The presentation is by and large very good. Coming out in 1994 and published by Sega, they clearly had the resources to make a game that looked and sounded very pretty, and they did it. The graphics are very nice and colorful, and while there are perhaps a bit too many luxury animations here and there on things like your turning circle, it never felt like it was getting in the way of the gameplay at least. The music is also very good, and it has a very Sonic-y feel to it (and not just because Sonic has a cameo in the game x3). Honestly it feels like Sega gave them a lot of sound samples that the Sonic games use, because there were even quite a few sound effects that even a relative Sonic non-fan like myself could recognize from the Genesis Sonic games x3. Again, not a complaint, really, but something fun to point out.

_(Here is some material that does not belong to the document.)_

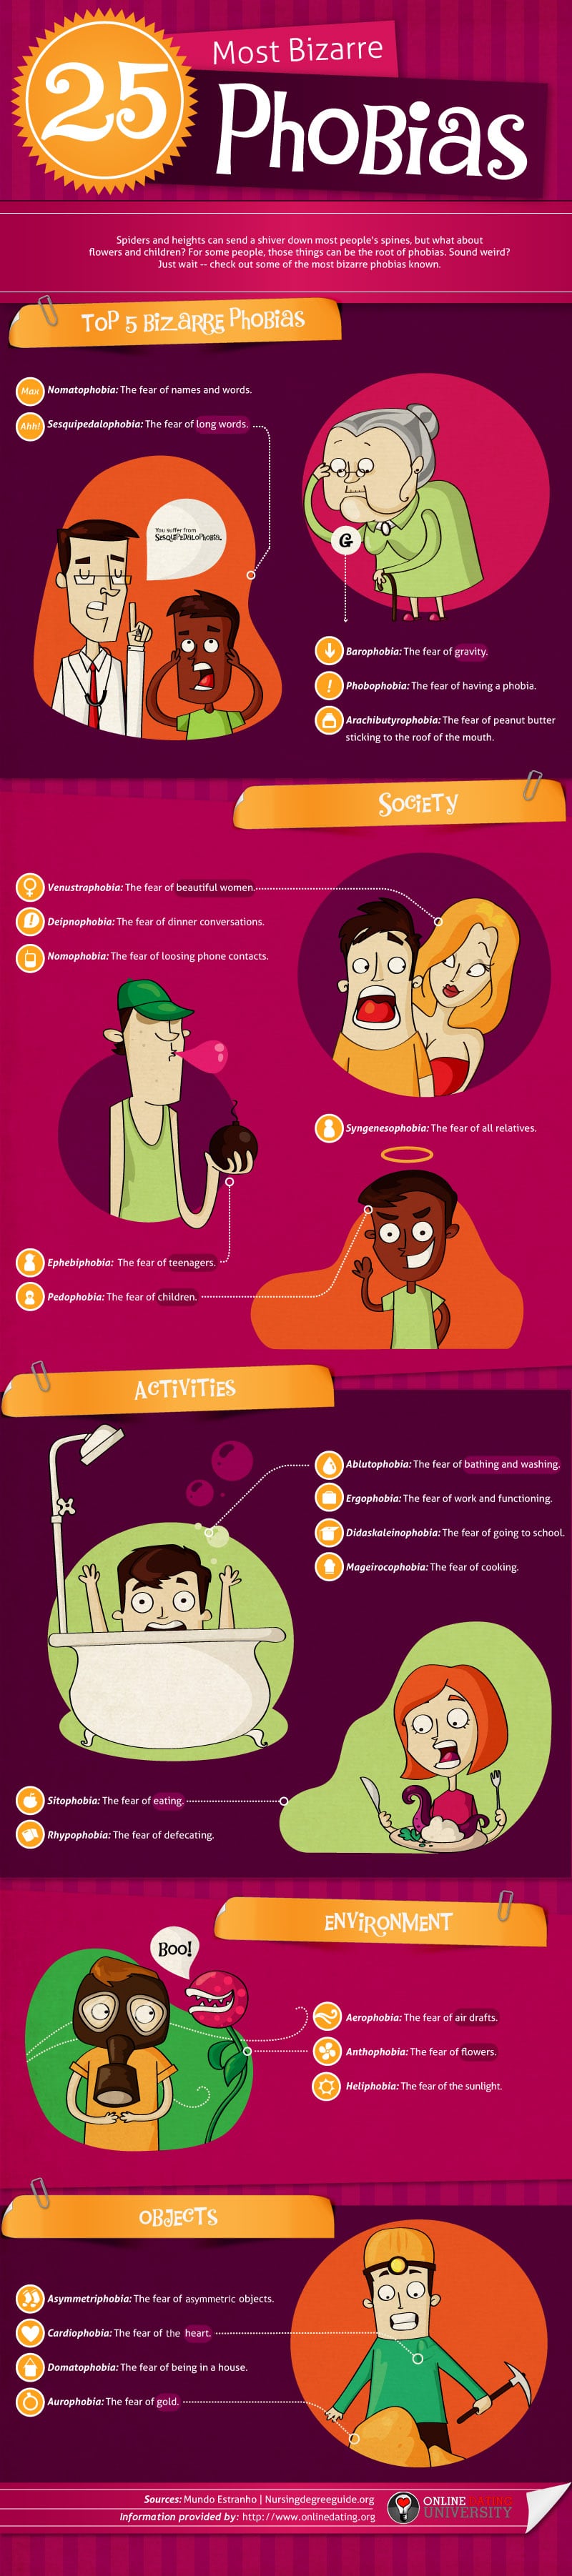 25 Most Bizarre Phobias [Infographic]
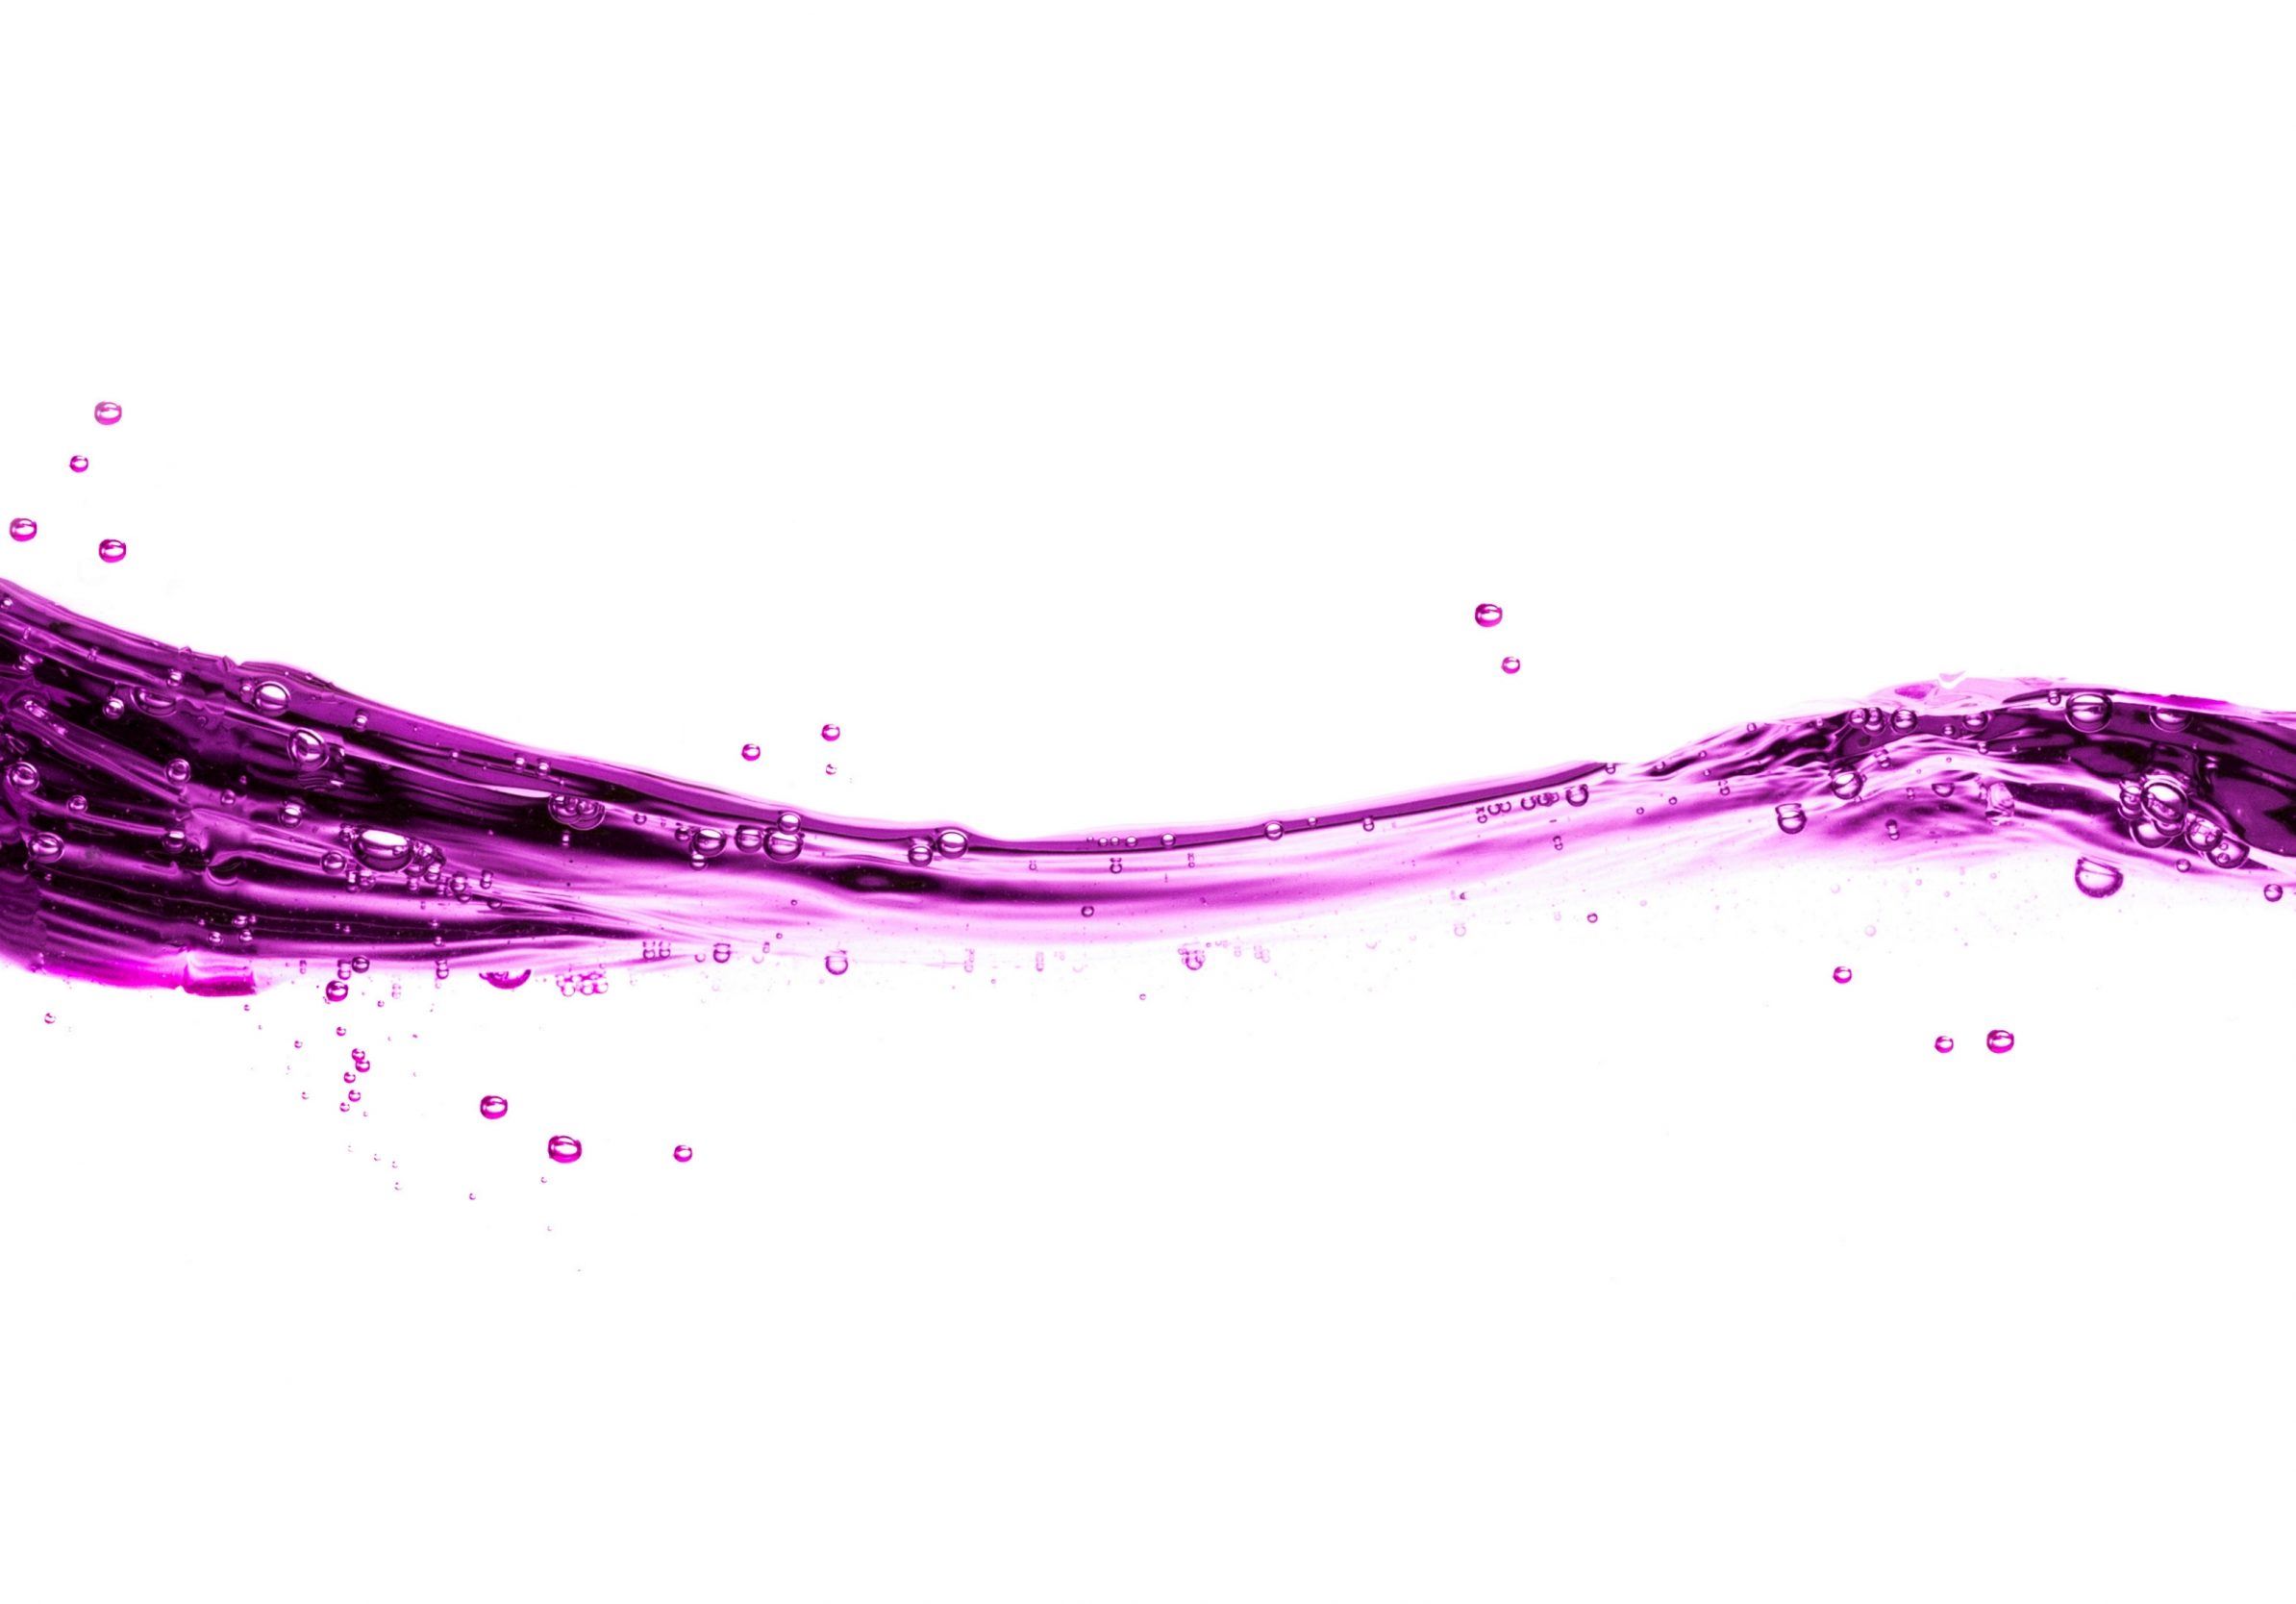 2388x1668 iPad Pro wallpapers Purple Water Splash White Background iPad Wallpaper 2388x1668 pixels resolution

The only real presentation criticism I have is for Atlus's localization. It's honestly a pretty solid localization for the time, but there are some very sloppy mistakes here and there like text boxes that cut words in half or words that are just outright misspelled to begin with. It thankfully never makes any puzzles unsolvable or confuses the narrative or anything, but it's still a bummer to see such glaring localization mistakes in a product at least in part from Sega themselves. At the very least they're quite funny mistakes when they happen, which is a bonus of sorts~ x3

Verdict: Recommended. While the weird hit detection and difficulty of the platforming will definitely turn off some, if you're a fan of 2D Zelda games or just 2D action adventure games in general, I think you'll probably really enjoy your time with Crusader of Centy. It's not perfect, but it's got a good difficulty balance and just hard enough to be challenging but not frustrating puzzle design in a way that'll add a good adventure to your weekend or afternoon~.